Rapidly expanding knowledge from neuroscience is, however, giving us increasingly clearer, more powerful understandings of how our brains develop and change in response to our environments, and in particular how central emotion processes are in our brains. For example, we now know that successful psychotherapy, like other kinds of new experience, is associated with changes in brain structure and function, ranging from increases in the size and efficiency of particular neurons to the creation of new neurons (“neurogenesis”). Furthermore, we have now learned quite a bit about how people use their limbic systems (in the midbrain) to rapidly process sensory information via emotion processes. These brain-based emotion processes involve a level of specificity an order of magnitude greater than the old libido and actualization theories, including separate but overlapping systems dealing with separation/loss-fear/sadness-attachment; novelty-curiosity-exploration; noxiousness-disgust-rejection; danger-fear-avoidance; threat-anger-territoriality; etc. All of these emotion processes integrate brain systems that process perceptual information, memory, emotion, autonomic arousal (body), higher cortical processing (cognition), into effective action. I don’t think that we, as either psychodynamic or person-centred therapists, have yet fully embraced this new knowledge to help us understand how therapy works and how to help our clients more effectively. Thus, I propose a fifth bridge, the Bridge of the Emotional Brain, as a path to further exchange and dialogue.

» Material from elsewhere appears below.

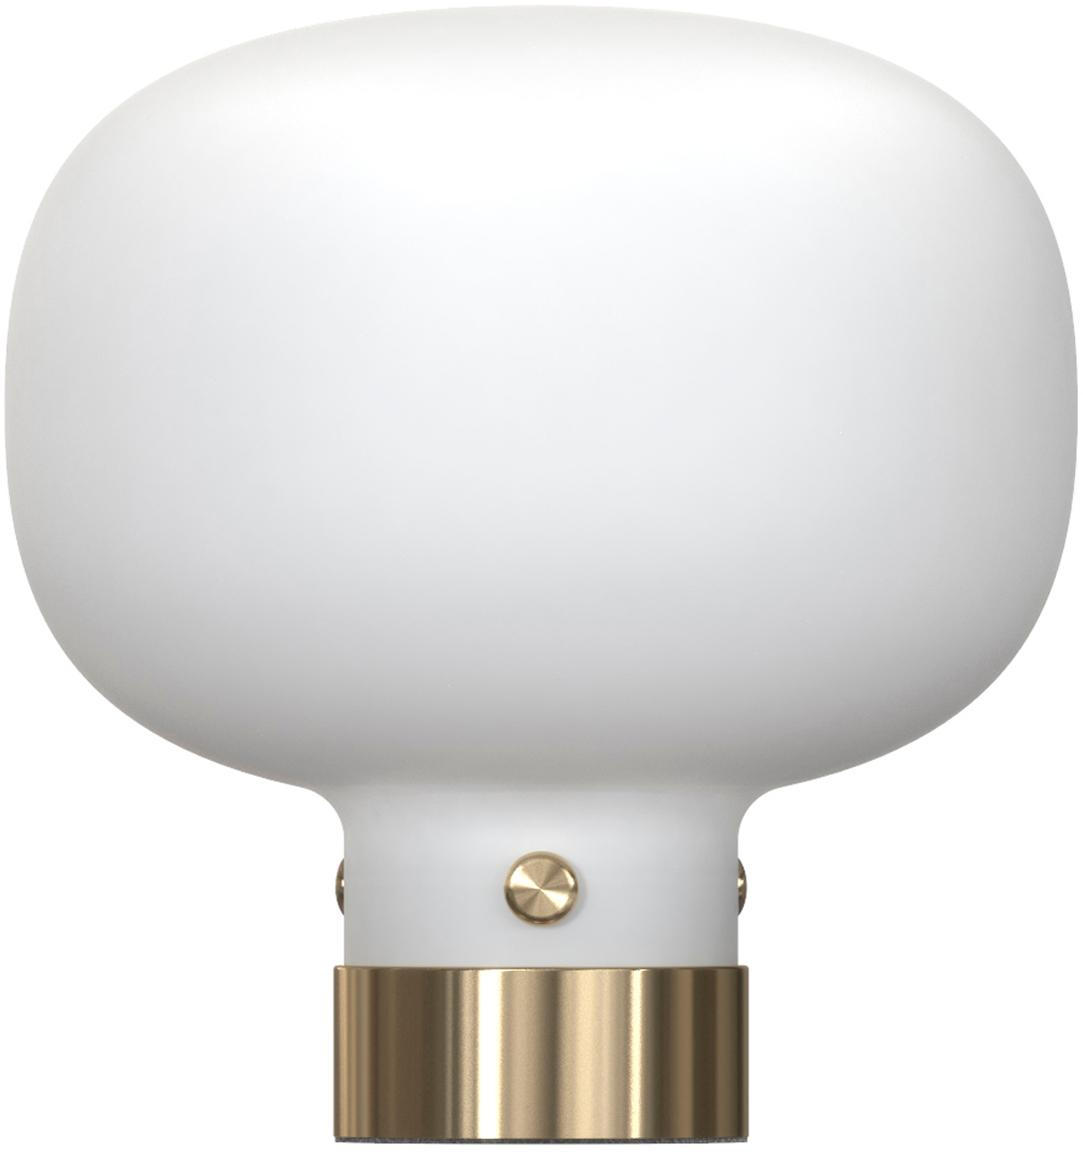 Tischlampe Raito aus Glas, Opalglas, Metall, Opalweiss, Messingfarben, Ø 20 x H 21 cm

At the present state of development of our two approaches, I think that the most productive stance is not competition or critique but curiosity, questioning, and dialogue. I don’t think that we are ready to come together into a single integrated position, nor do I even think that this would be useful. Instead, for now, I suspect that the most useful meta-position is going to have to be pluralism, by which I mean the acceptance and appreciation of our differences. We are two peoples, living on either side of a river (or several rivers) than run through human experience; from our respective banks, our positions give us sometimes quite different perspectives, and certainly we have cultivated different perception and resources for helping people. But to be connected by a useful set of bridges that bring us into commerce and dialogue with each other, this seems to be the best place for us to locate ourselves for now.